Fathers

We heard a sermon on fathers at church this Sunday and I had a nice surprise. My own dad and I didn’t always see eye to eye as I was growing up. We used to argue about most things including the way I ate my peas and the length of my hair. So, perhaps it won’t surprise you to learn that my conversion to Christianity was something of a teenage rebellion. I remember defiantly reading my dad Ephesians 6:4 and telling him to stop exasperating his children. It wasn’t well received. I even preached a sermon at my brother’s baptism where I rather shamefully declared in the presence of my dad that, in contrast to my heavenly father, my human father was something of a disappointment.

On Sunday the preacher recounted the parable of the Prodigal Son and likened God to the father who watched for his son at the window until he saw him in the distance and then hitched up his robes, abandoning any sense of decorum, and ran to his son and threw his arms around him, embraced him, kissed him and welcomed him home. At that moment God took me by surprise. He gently pointed out something I had never realised before. For me, this wasn’t just a story, it had actually happened!

One of the things my dad and I argued about when I was a teenager was my taste in music. I was into Metal long before Grunge ruined it. I was particularly fond of Glam Rock and somehow managed to persuade my parents to let me go to see bands like Faster Pussycat, Tiger Tails and Little Angels. I even had a pair of pointed black suede and snakeskin winklepicker boots with chrome buckles and one inch heals.

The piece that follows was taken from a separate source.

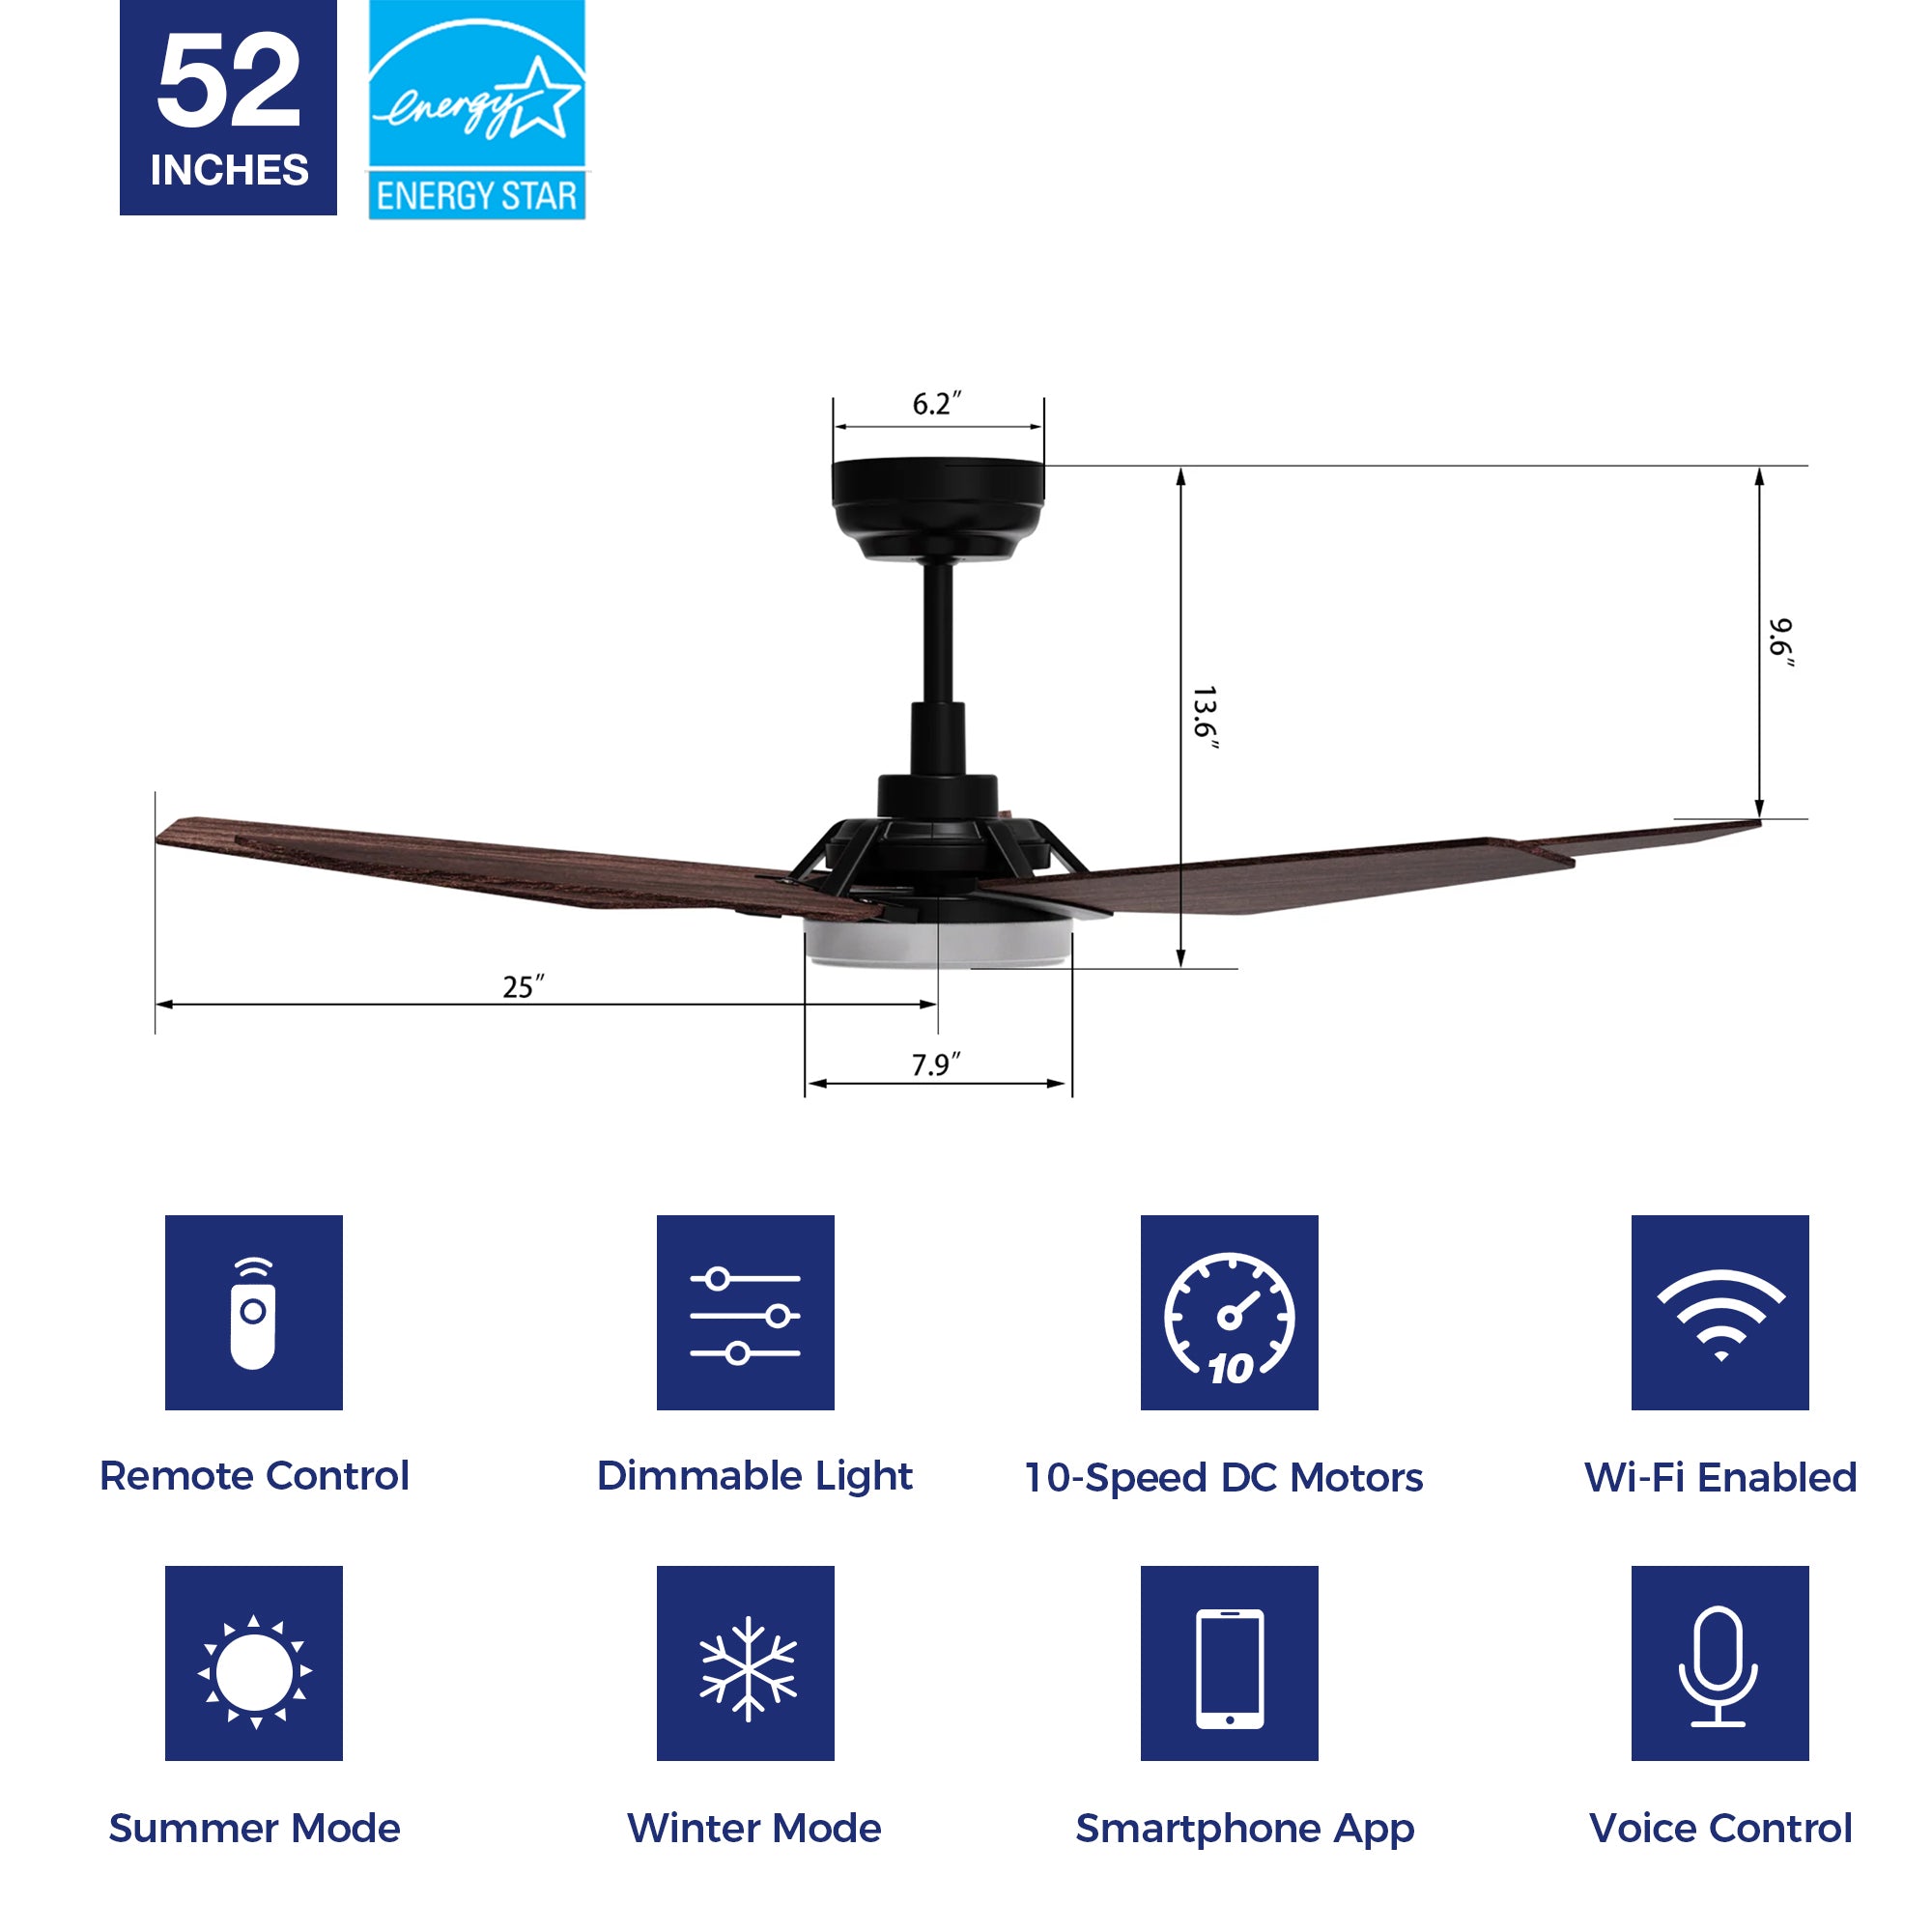 The Smafan Voyager 52&#39;&#39; smart ceiling fan keeps your space cool, bright, and stylish. It is a soft modern masterpiece perfect for your large indoor living spaces. This Wifi smart ceiling fan is a simplicity designing with elegant Plywood blades, Glass shade and has an integrated 4000K LED daylight. The fan features Remote control, Wi-Fi apps, Siri Shortcut and Voice control technology (compatible with Amazon Alexa and Google Home Assistant ) to set fan preferences.
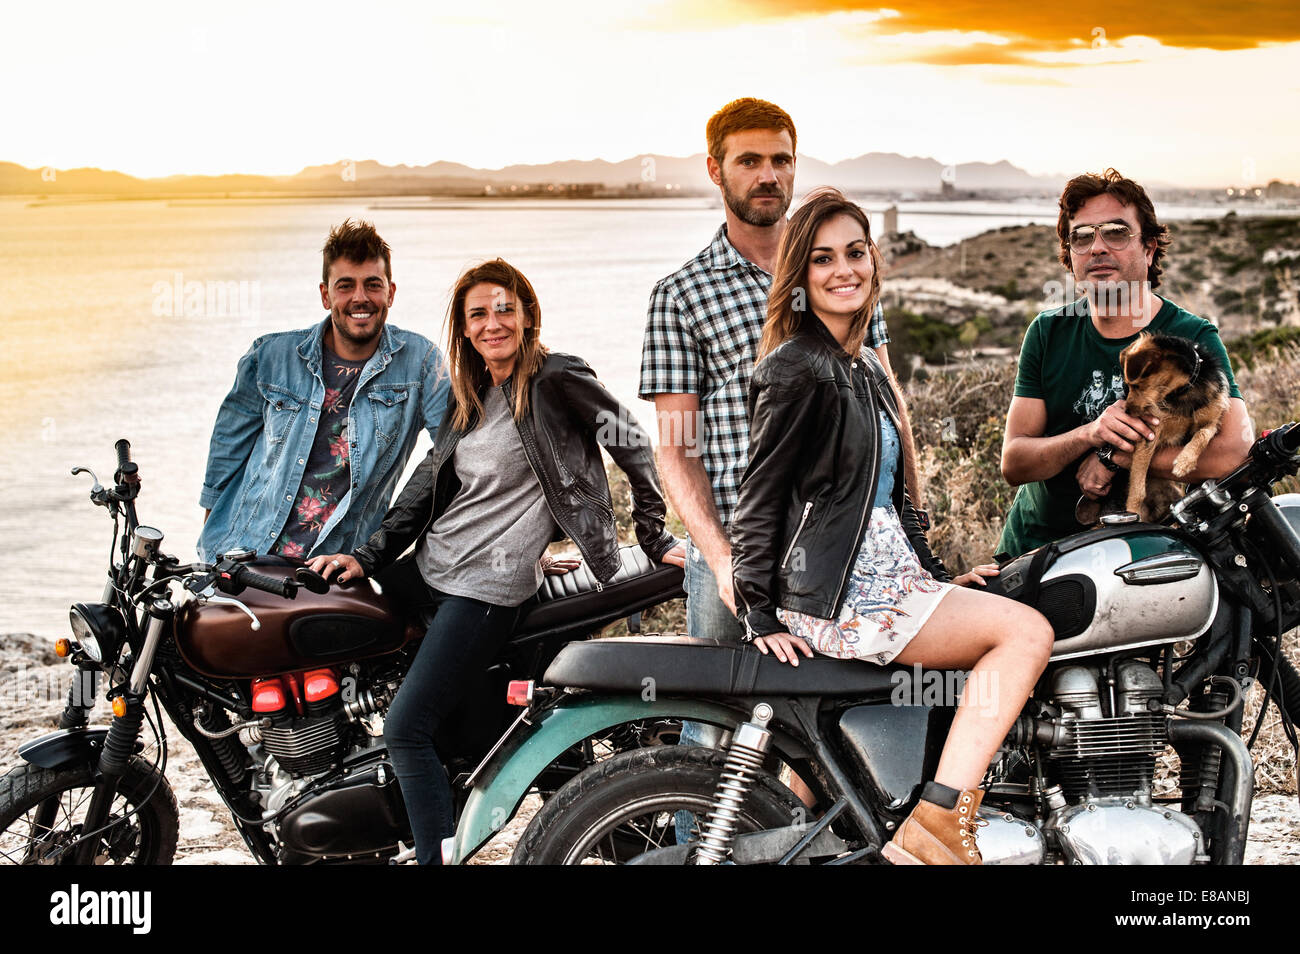 Portrait of five motorcycling friends on coast at sunset, Cagliari, Sardinia, Italy Stock Photo

One night, after a gig, my friend and I decided to walk home. I was wearing the winklepickers, so it took us a long time. As we approached the house together at about 1am I noticed a chink of light in the window as the curtain was pulled back. My dad ran out of the house in his socks despite the wet ground, he despatched my friend with a word, wrapped his arms around me and walked me into the house. There was no row, no sharp words, just loving relief that his prodigal son had come home. Before I met him for myself, that was the closest thing I felt to the love of God, yet somehow I had simply stored the memory away and failed to make the connection. So, even though this is a little late in the day, its still worth saying; thanks dad.